Required action: Copy out each line of the material exactly. Pictures do not belong in the copy.

Raw data:
——————————

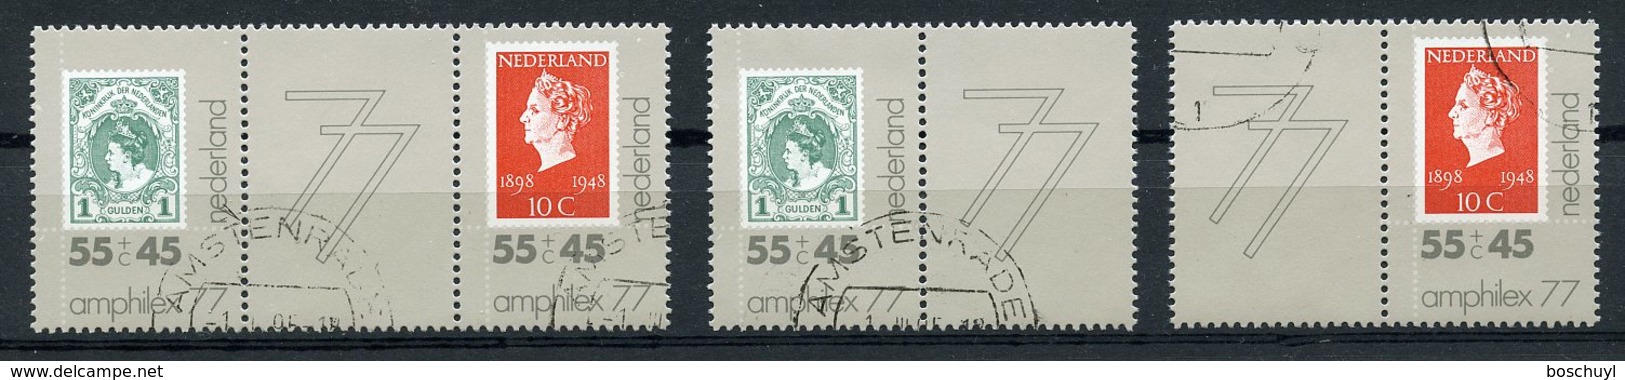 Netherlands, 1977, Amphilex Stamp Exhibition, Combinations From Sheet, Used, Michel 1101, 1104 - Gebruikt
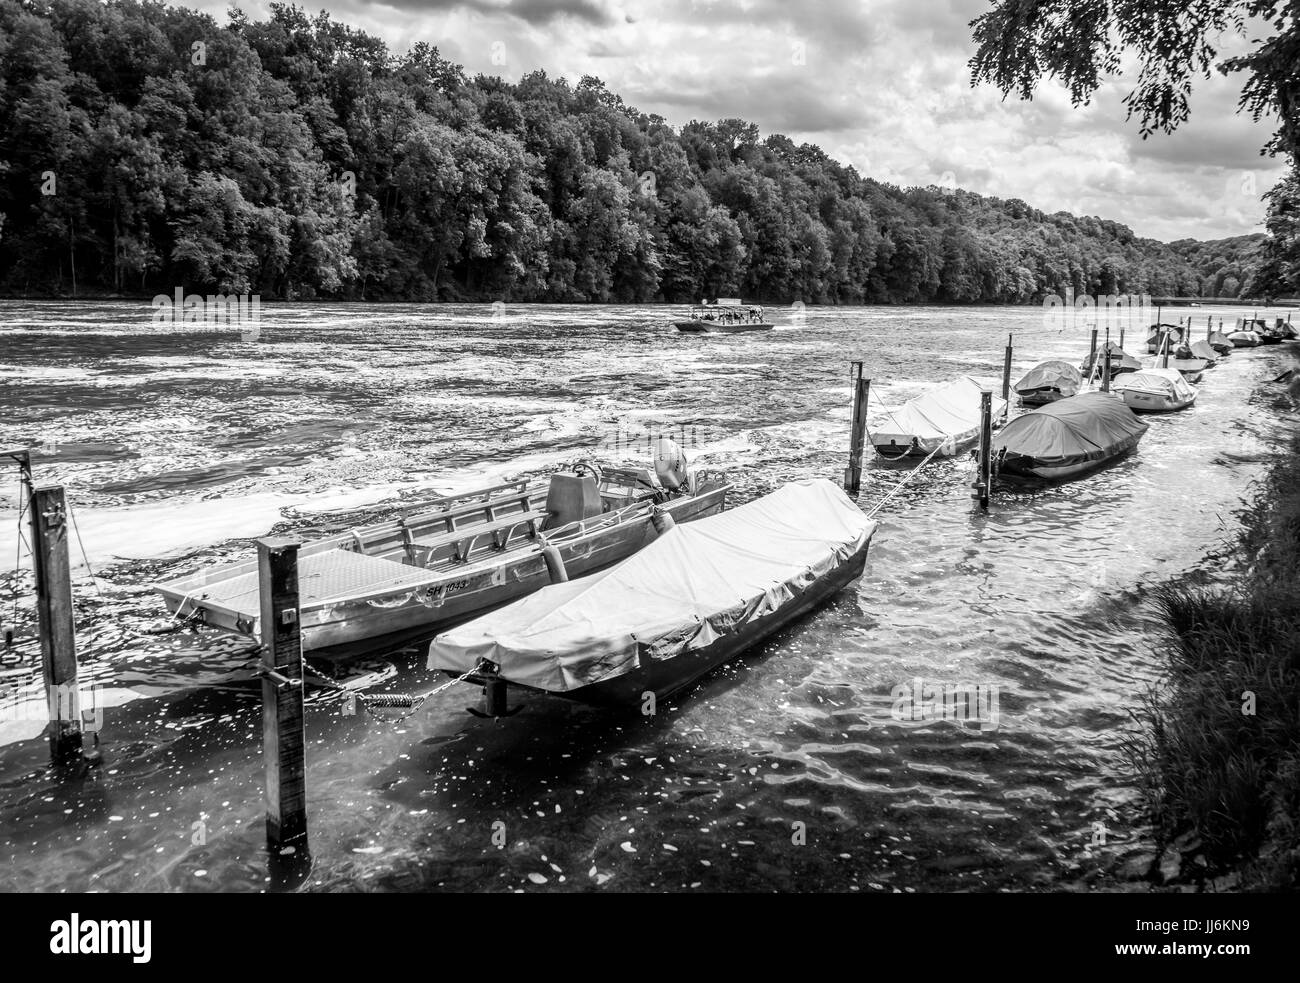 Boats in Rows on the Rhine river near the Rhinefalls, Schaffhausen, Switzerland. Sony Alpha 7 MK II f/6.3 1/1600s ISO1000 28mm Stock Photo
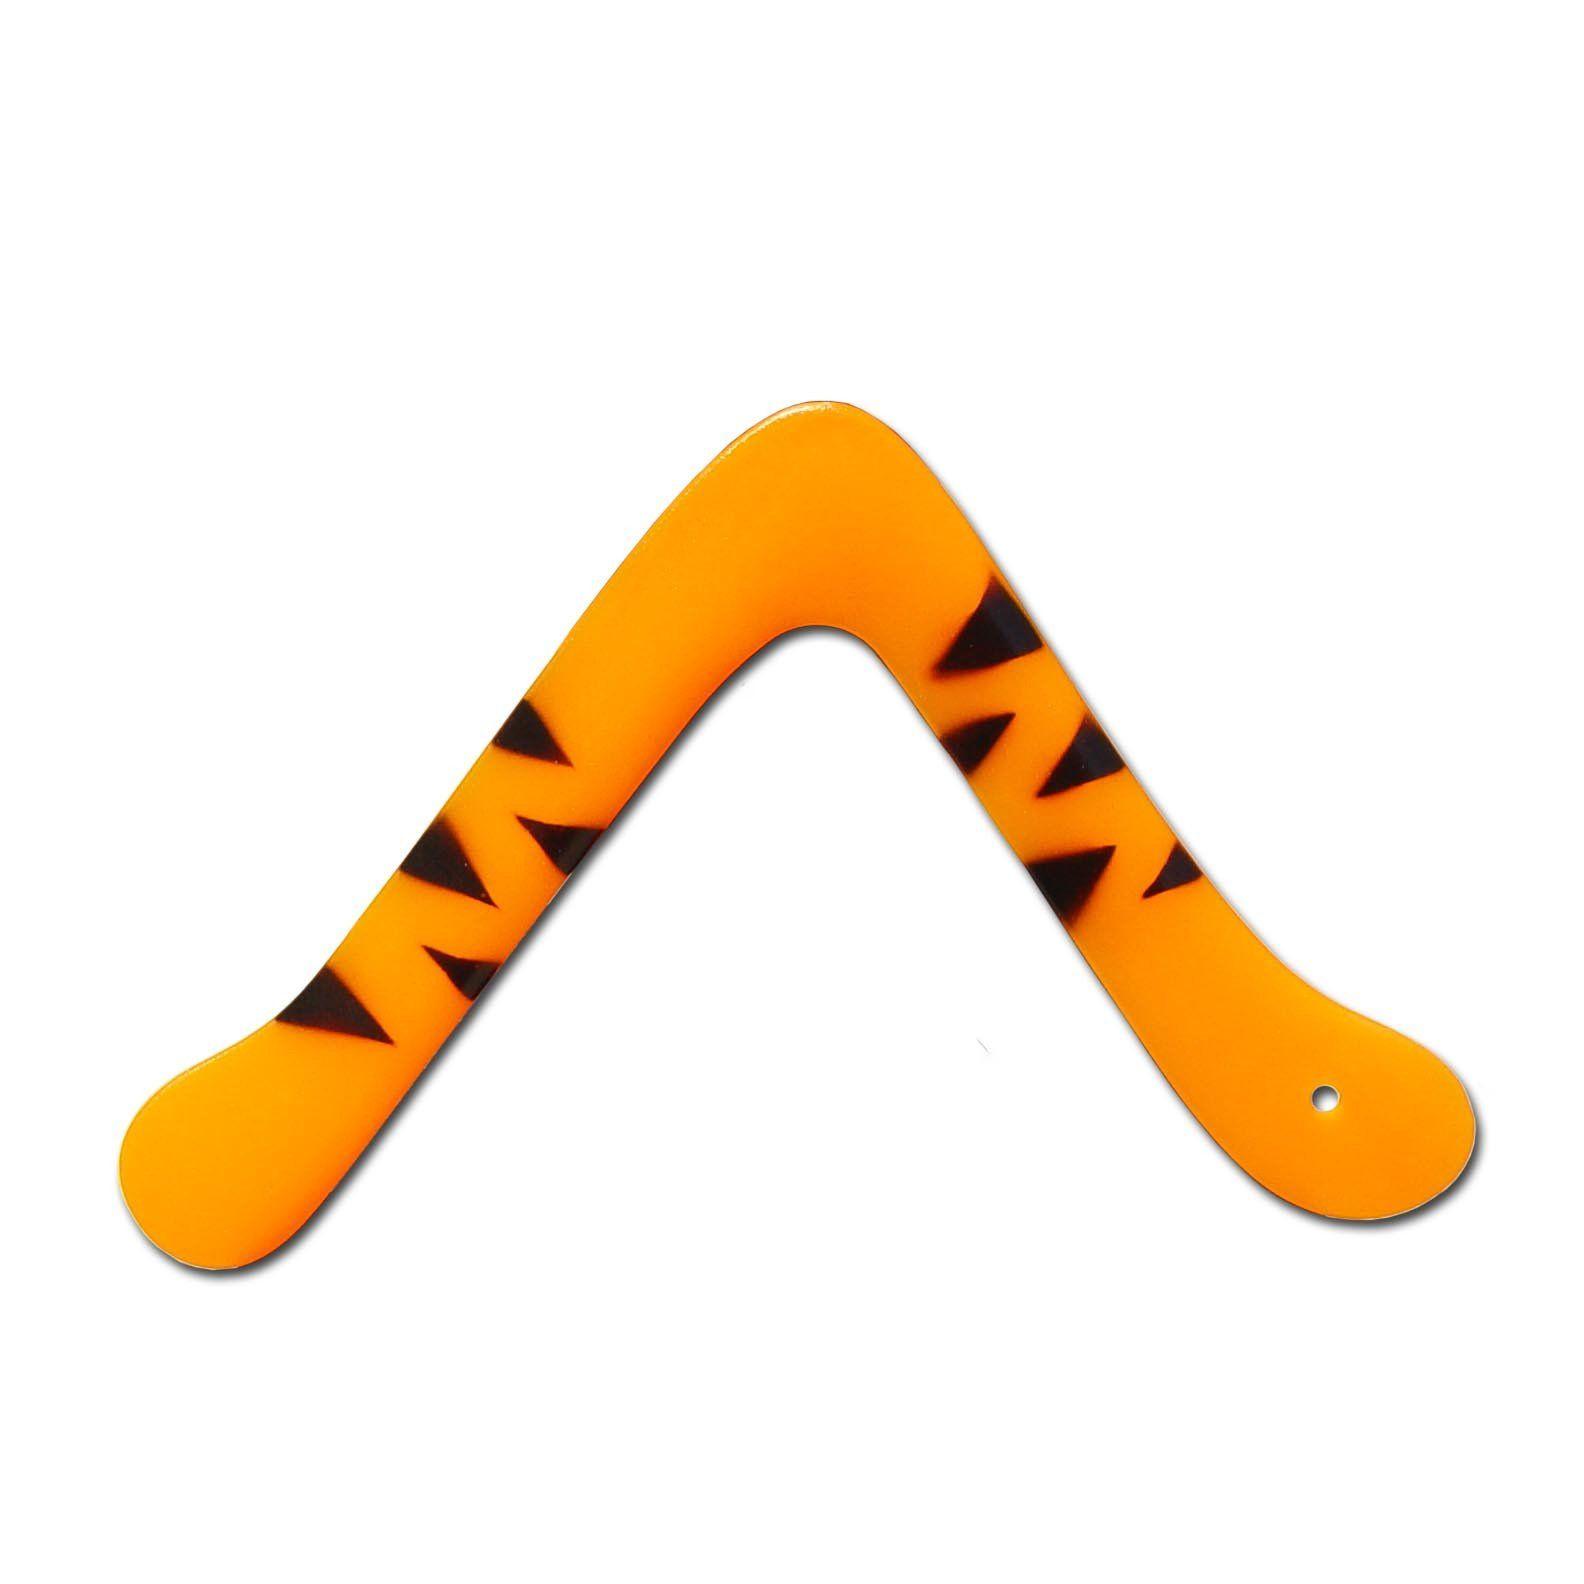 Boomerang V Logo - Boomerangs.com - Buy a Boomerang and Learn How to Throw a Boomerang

——————————

Your solution:
 Netherlands, 1977, Amphilex Stamp Exhibition, Combinations From Sheet, Used, Michel 1101, 1104 - Gebruikt
 Boats in Rows on the Rhine river near the Rhinefalls, Schaffhausen, Switzerland. Sony Alpha 7 MK II f/6.3 1/1600s ISO1000 28mm Stock Photo
 Boomerang V Logo - Boomerangs.com - Buy a Boomerang and Learn How to Throw a Boomerang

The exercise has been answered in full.